"How did she seem?" he asked anxiously.
"Very gentle and quiet," replied the Mother. "But I have one request. I hope to cure the excitability or lassitude of your wife, but I beg you never to ask me what we have said to each other. If I am to gain her entire confidence, I must be able to say to her in good faith, that what she tells me is told to me alone; and that what she imparts to me will never pass my lips. Are you willing to promise that we ladies shall do as we like together?"
"Yes," answered Sonnenkamp. It seemed hard for him to consent, but he felt that he must.
CHAPTER III.
A NEIGHBOR SECURED.
Pranken came the next day, and when he met the widow of the Professor, summoned to his aid his most polished manner; she gave him to understand at once, that she regarded him as a son of the house.

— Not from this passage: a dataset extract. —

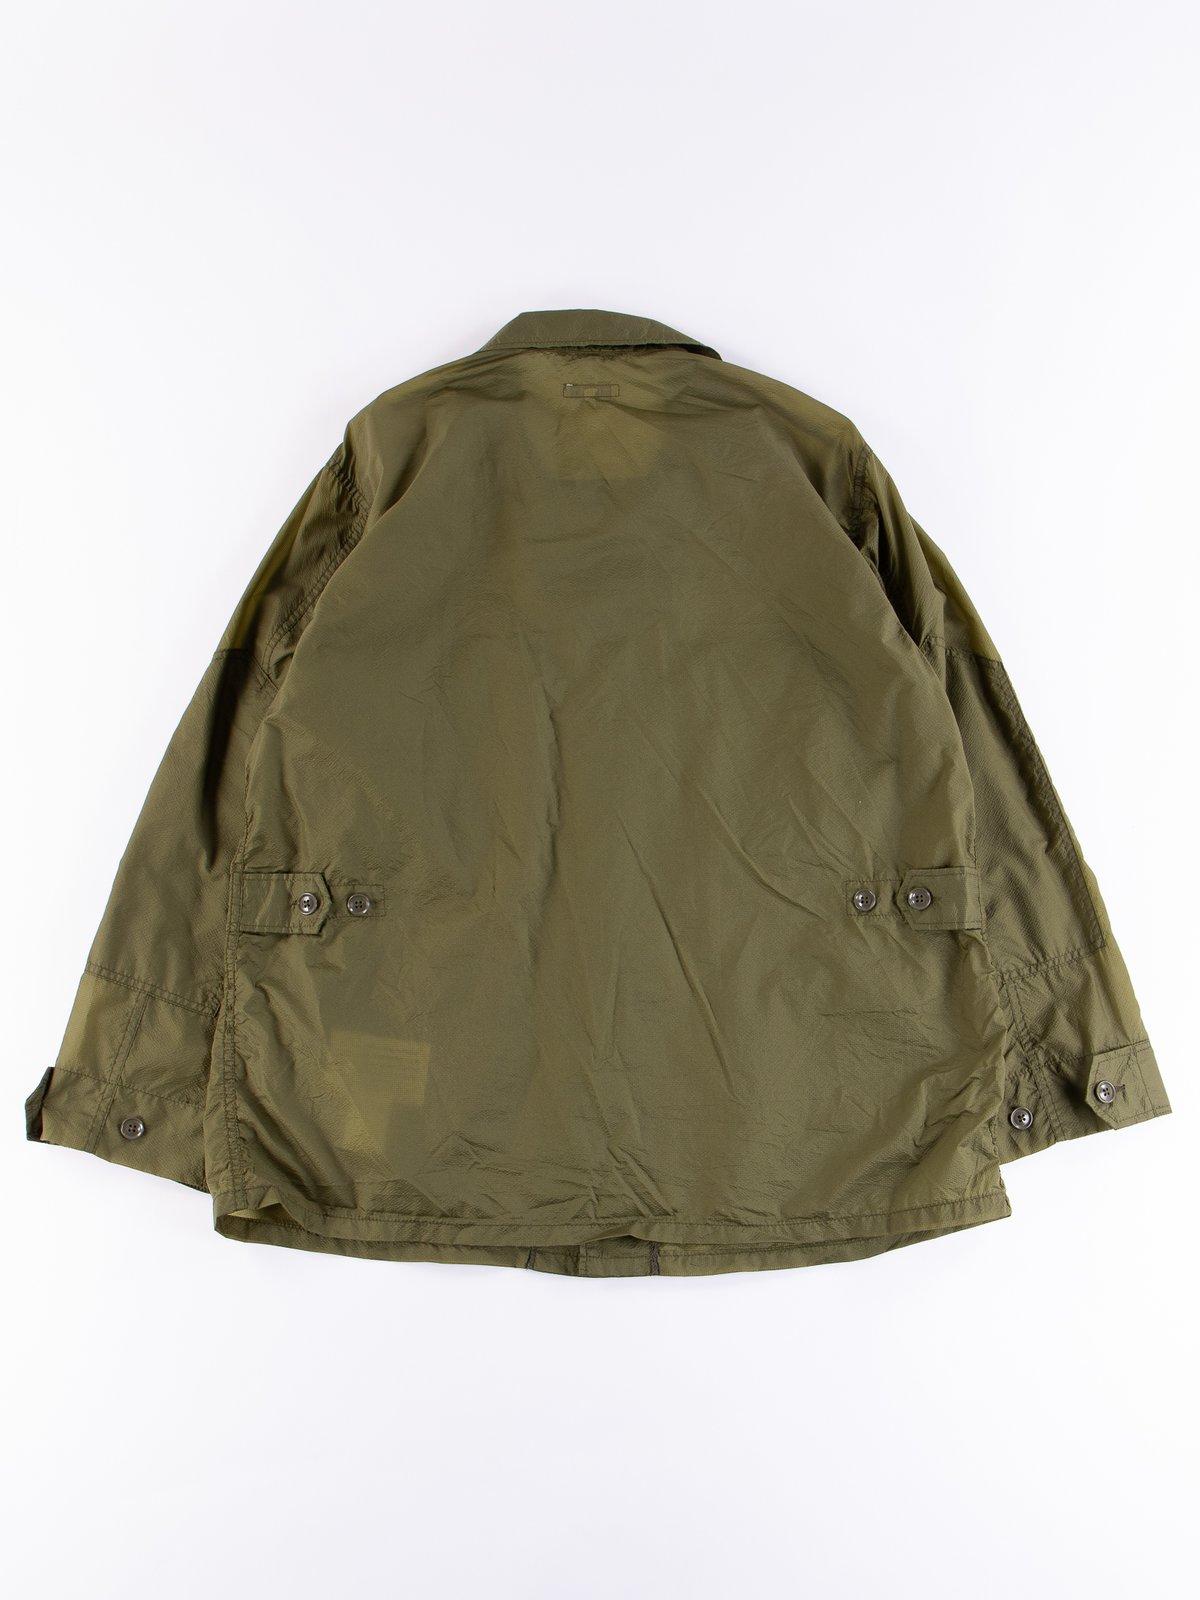 Olive Nylon Micro Ripstop BDU Jacket - Image 5

She did this with so much delicacy and such a charming tact, that Pranken was extremely delighted.
When she thanked him for having been the means of obtaining such a position for Eric, he declined receiving any thanks for what he had done, as it was only a trifling amount toward the payment of his debt to the late Professor, to whom he owed all the culture he possessed.
He said this with a tone that entirely won the Widow's heart; she could make allowance for the exaggeration of politeness, but she felt there was a basis of sincerity, inasmuch as no one, unless he were utterly abandoned, could have come within the sphere of her husband's voice and eye, without receiving therefrom a good influence for life.
Pranken spoke of his brother-in-law and his sister, and how much Eric was liked and loved at Wolfsgarten; and he conveyed in a happy turn, how much he expected the lady's presence would effect in composing and calming the recently excited and disturbed state of his sister. He hinted at this very guardedly, representing only how difficult a task it is to live with an elderly man, even a very noble one, and how in some unexpected way the apparent harmony might be disturbed.
She understood more than Pranken imagined, and she was very glad to find the young man disposed, in the retirement of country life, to a deeper consideration of the influence of one human being upon another.